*** Opening Information shown ***

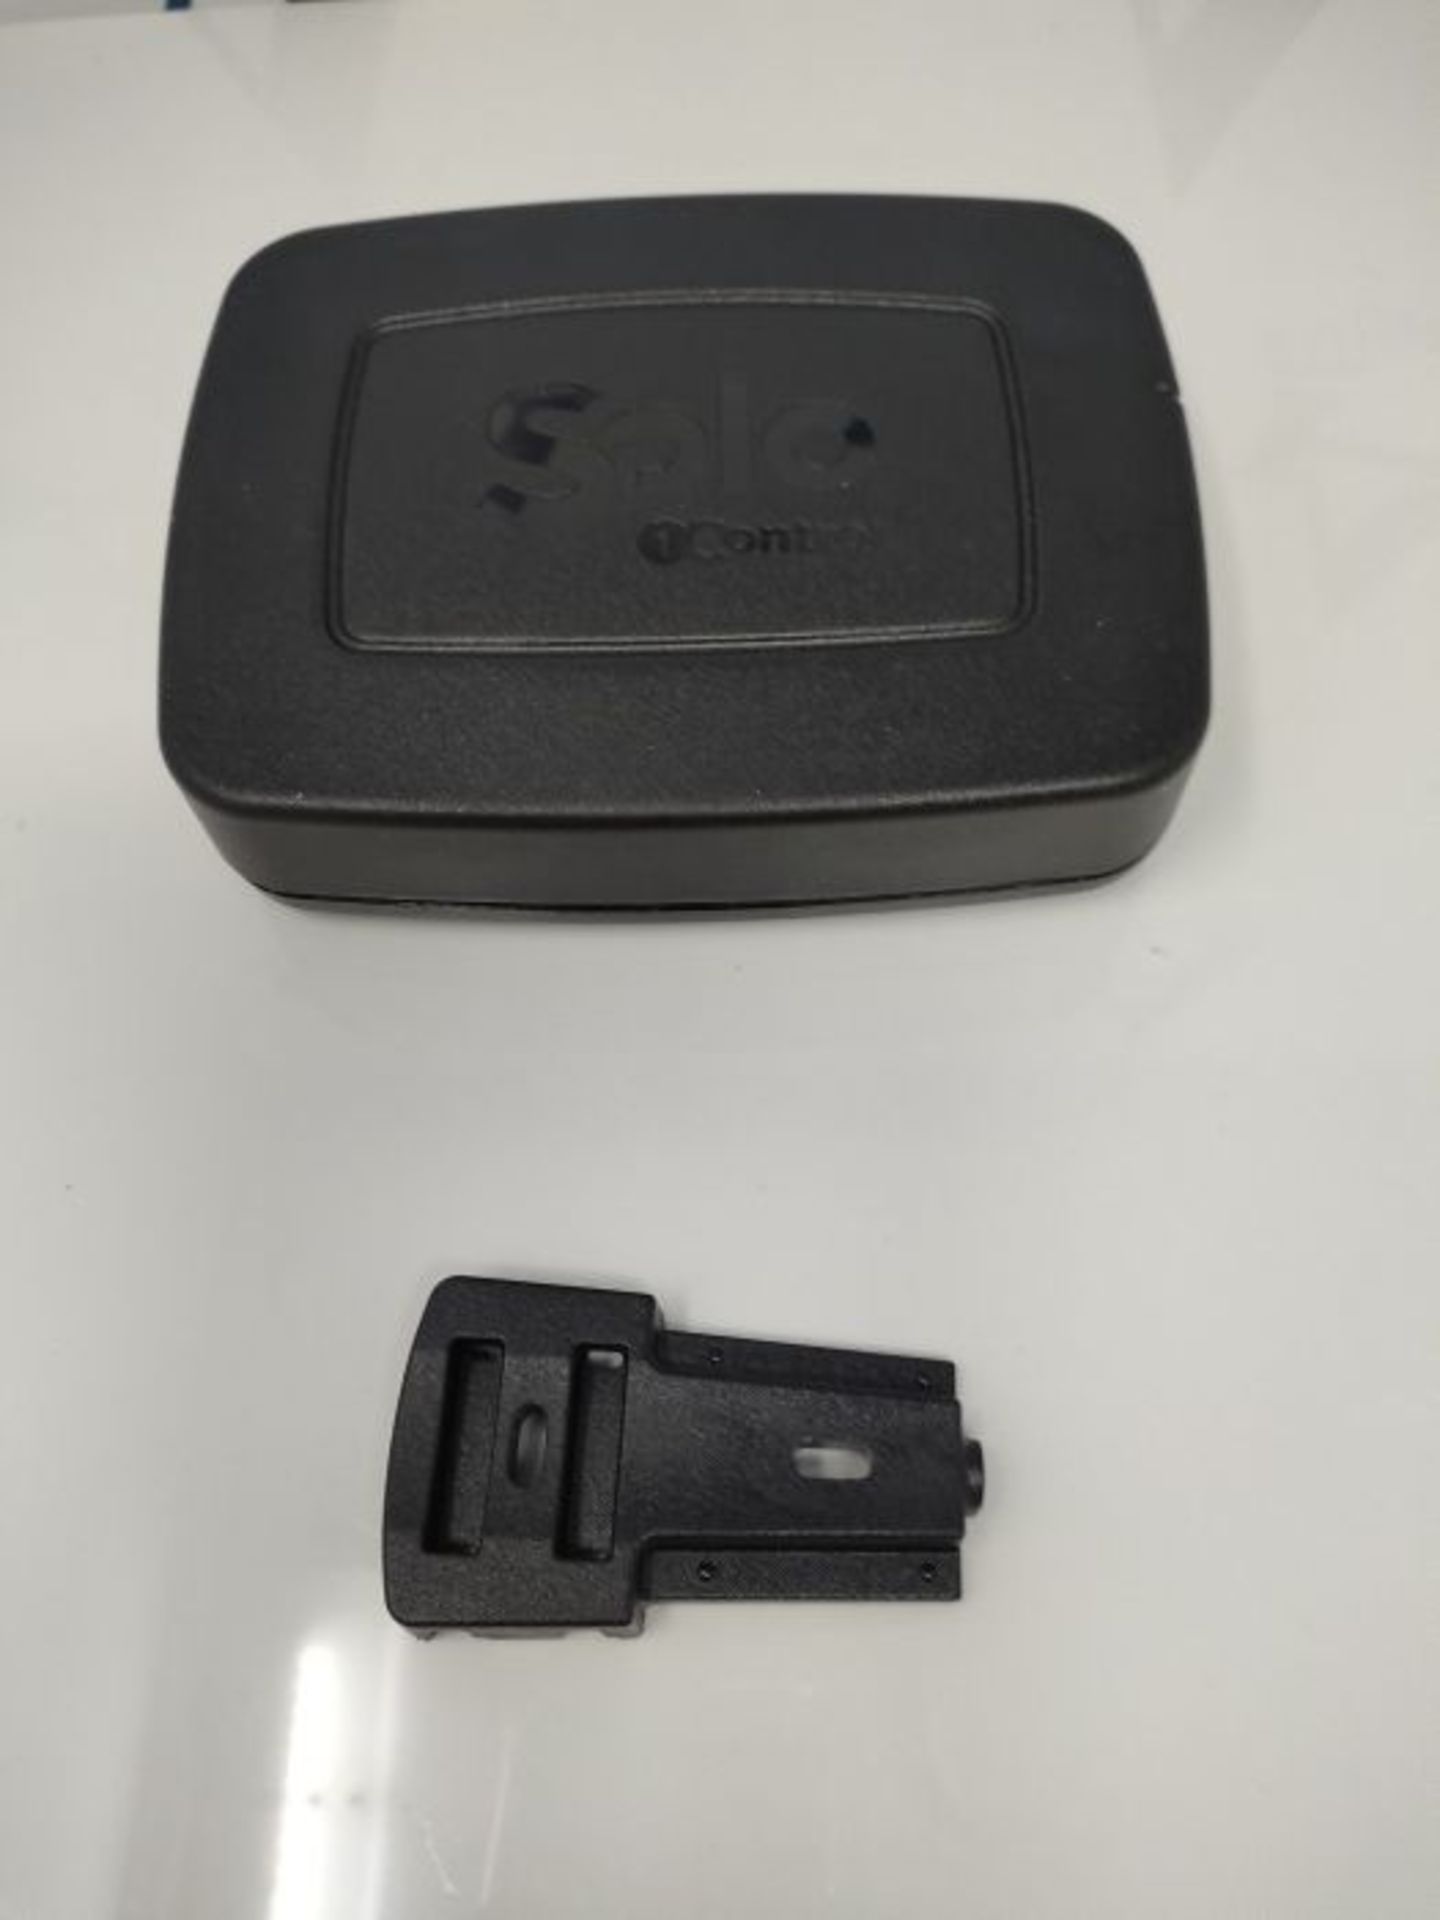 1CONTROL SOLOMINI Travel Adapter, 21 cm, Black - Image 3 of 3
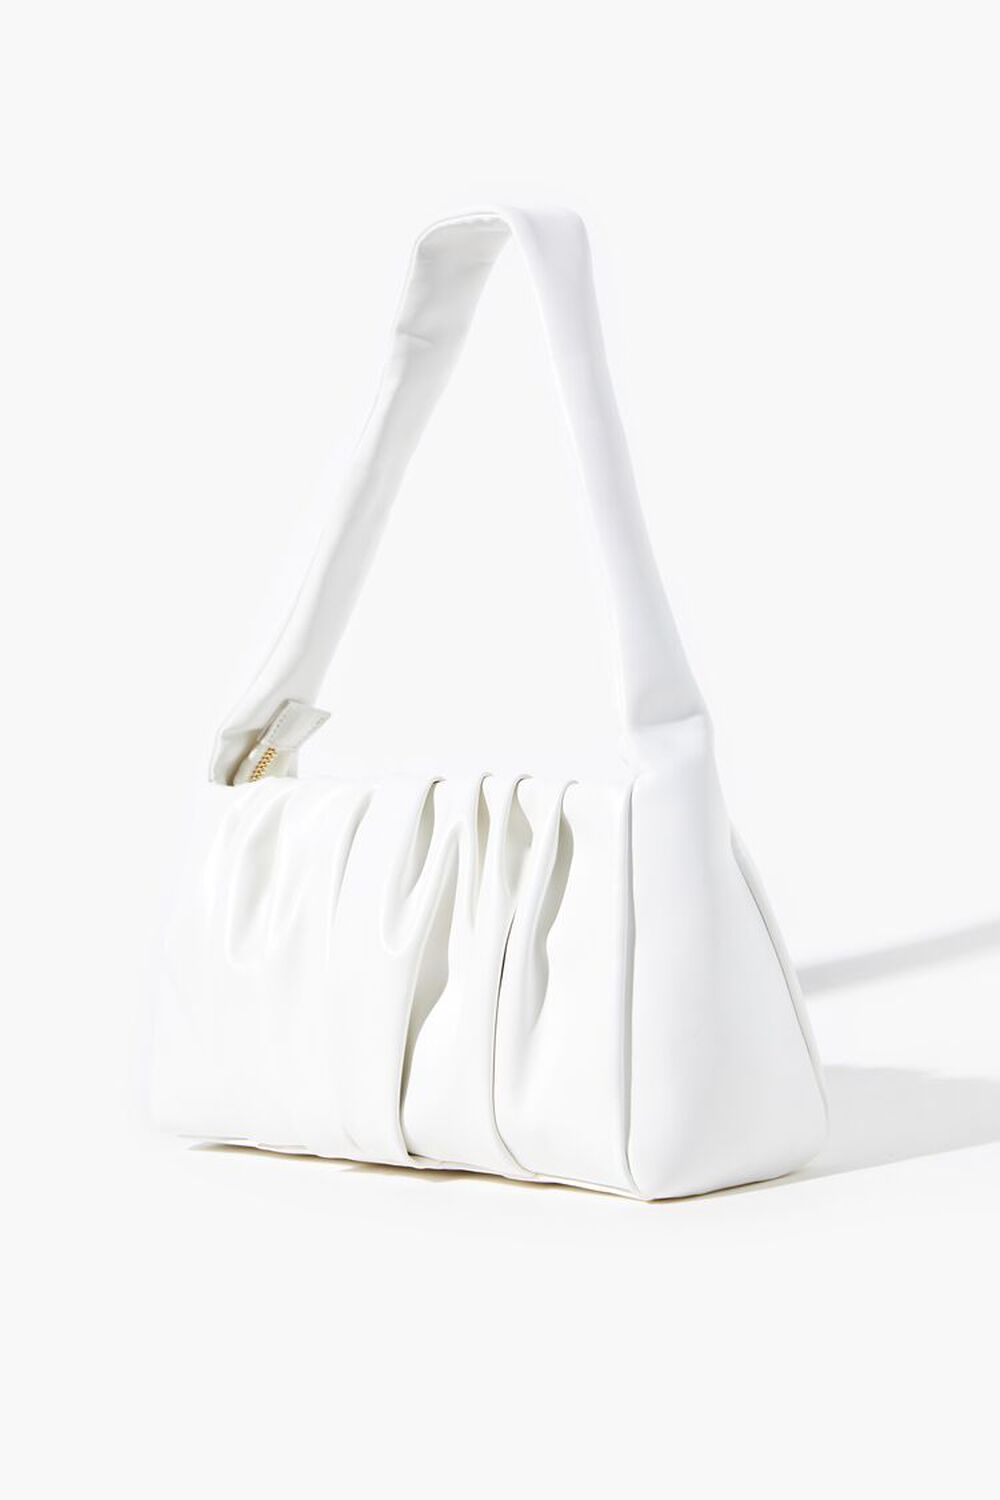 WHITE Faux Leather Ruched Shoulder Bag, image 2
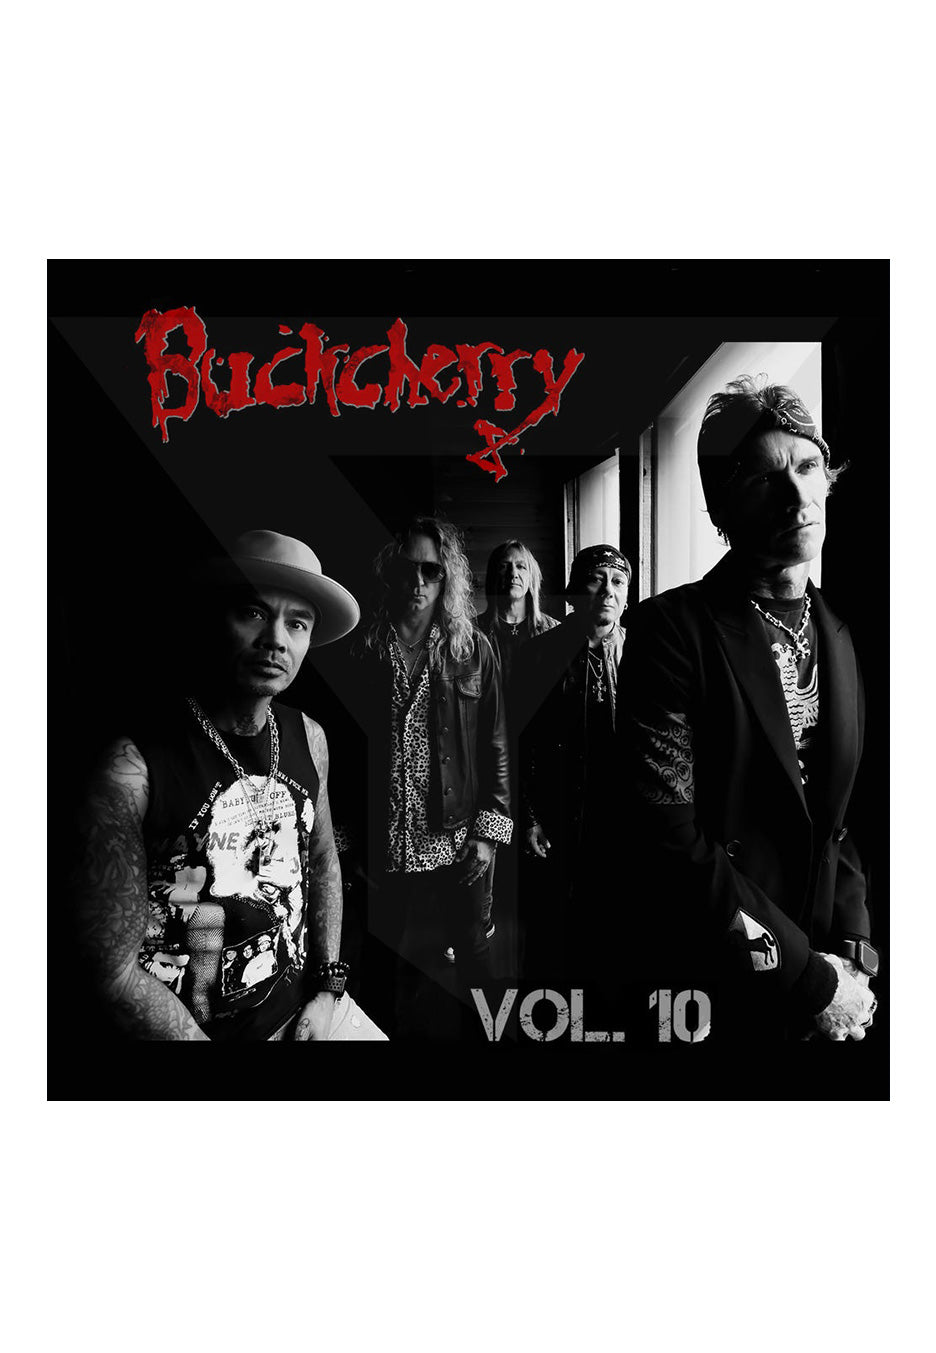 Buckcherry - Vol. 10 - Vinyl
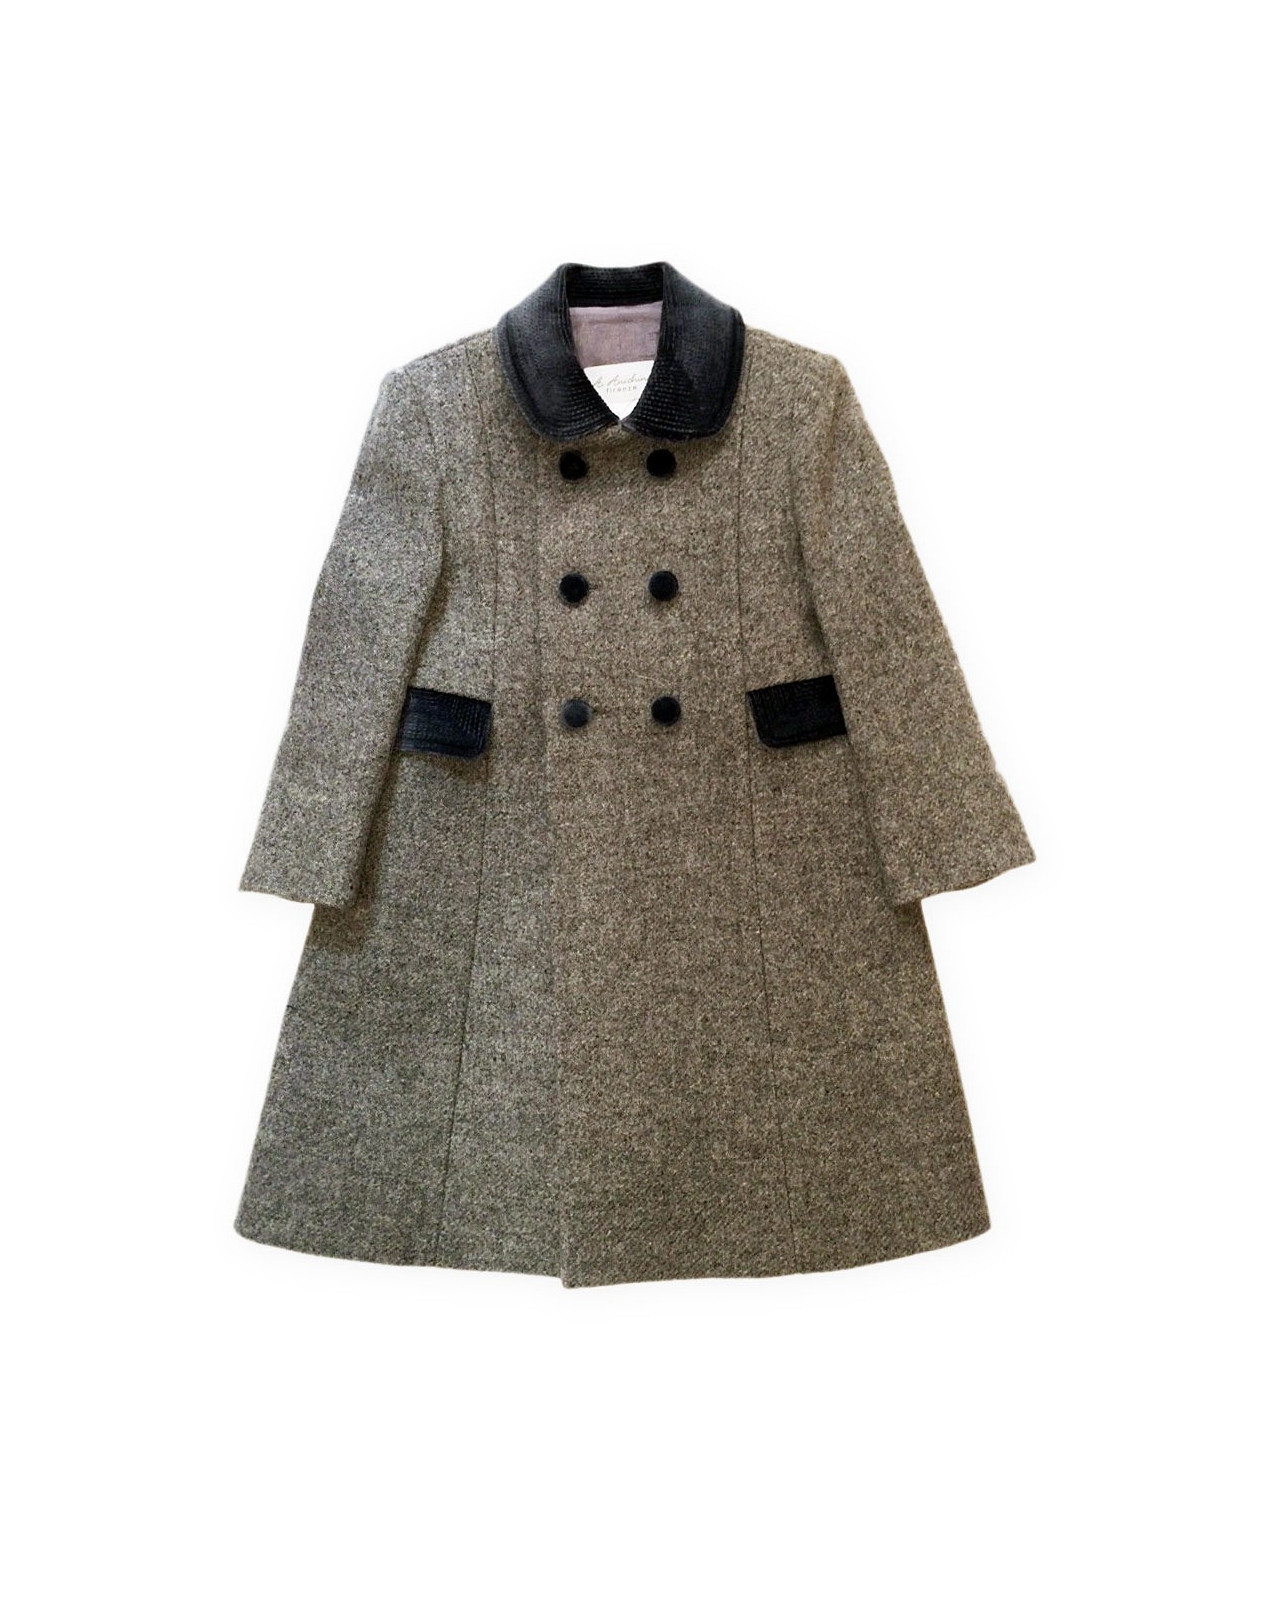 redingote style coat for child, pure wool shetland

*** Closing Information shown ***

### What is being asked
Output only the lines from the line that contains "Buckcherry - Vol. 10 - Vinyl" through the end of the material, both ends included, and skip every picture.

### Completed exercise
 Buckcherry - Vol. 10 - Vinyl
 redingote style coat for child, pure wool shetland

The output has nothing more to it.